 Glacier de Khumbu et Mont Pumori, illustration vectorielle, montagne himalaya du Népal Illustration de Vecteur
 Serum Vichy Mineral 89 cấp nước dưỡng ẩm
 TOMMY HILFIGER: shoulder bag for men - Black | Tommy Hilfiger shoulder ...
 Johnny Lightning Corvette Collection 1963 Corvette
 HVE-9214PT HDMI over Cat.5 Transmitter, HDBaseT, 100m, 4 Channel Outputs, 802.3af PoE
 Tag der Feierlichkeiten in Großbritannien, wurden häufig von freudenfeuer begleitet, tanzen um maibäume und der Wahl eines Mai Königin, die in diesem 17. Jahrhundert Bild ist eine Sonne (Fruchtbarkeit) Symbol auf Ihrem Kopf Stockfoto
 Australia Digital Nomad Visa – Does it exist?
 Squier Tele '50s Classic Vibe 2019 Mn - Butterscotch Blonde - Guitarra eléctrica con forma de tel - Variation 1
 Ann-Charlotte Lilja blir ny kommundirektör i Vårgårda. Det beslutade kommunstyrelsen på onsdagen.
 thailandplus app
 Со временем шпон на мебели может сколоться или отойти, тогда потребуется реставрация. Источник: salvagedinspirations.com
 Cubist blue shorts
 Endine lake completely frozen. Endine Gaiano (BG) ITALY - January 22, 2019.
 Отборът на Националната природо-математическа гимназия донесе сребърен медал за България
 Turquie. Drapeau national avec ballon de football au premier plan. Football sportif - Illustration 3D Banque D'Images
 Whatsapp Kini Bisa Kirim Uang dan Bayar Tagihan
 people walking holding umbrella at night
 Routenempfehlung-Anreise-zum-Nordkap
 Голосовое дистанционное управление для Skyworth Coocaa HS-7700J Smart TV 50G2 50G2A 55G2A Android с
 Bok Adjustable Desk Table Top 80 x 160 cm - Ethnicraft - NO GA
^^^^
WHAT IS BEING ASKED ▸
Once more, write out the records exactly as they are.

SOLUTION FOR THIS EXERCISE ▸
 Glacier de Khumbu et Mont Pumori, illustration vectorielle, montagne himalaya du Népal Illustration de Vecteur
 Serum Vichy Mineral 89 cấp nước dưỡng ẩm
 TOMMY HILFIGER: shoulder bag for men - Black | Tommy Hilfiger shoulder ...
 Johnny Lightning Corvette Collection 1963 Corvette
 HVE-9214PT HDMI over Cat.5 Transmitter, HDBaseT, 100m, 4 Channel Outputs, 802.3af PoE
 Tag der Feierlichkeiten in Großbritannien, wurden häufig von freudenfeuer begleitet, tanzen um maibäume und der Wahl eines Mai Königin, die in diesem 17. Jahrhundert Bild ist eine Sonne (Fruchtbarkeit) Symbol auf Ihrem Kopf Stockfoto
 Australia Digital Nomad Visa – Does it exist?
 Squier Tele '50s Classic Vibe 2019 Mn - Butterscotch Blonde - Guitarra eléctrica con forma de tel - Variation 1
 Ann-Charlotte Lilja blir ny kommundirektör i Vårgårda. Det beslutade kommunstyrelsen på onsdagen.
 thailandplus app
 Со временем шпон на мебели может сколоться или отойти, тогда потребуется реставрация. Источник: salvagedinspirations.com
 Cubist blue shorts
 Endine lake completely frozen. Endine Gaiano (BG) ITALY - January 22, 2019.
 Отборът на Националната природо-математическа гимназия донесе сребърен медал за България
 Turquie. Drapeau national avec ballon de football au premier plan. Football sportif - Illustration 3D Banque D'Images
 Whatsapp Kini Bisa Kirim Uang dan Bayar Tagihan
 people walking holding umbrella at night
 Routenempfehlung-Anreise-zum-Nordkap
 Голосовое дистанционное управление для Skyworth Coocaa HS-7700J Smart TV 50G2 50G2A 55G2A Android с
 Bok Adjustable Desk Table Top 80 x 160 cm - Ethnicraft - NO GA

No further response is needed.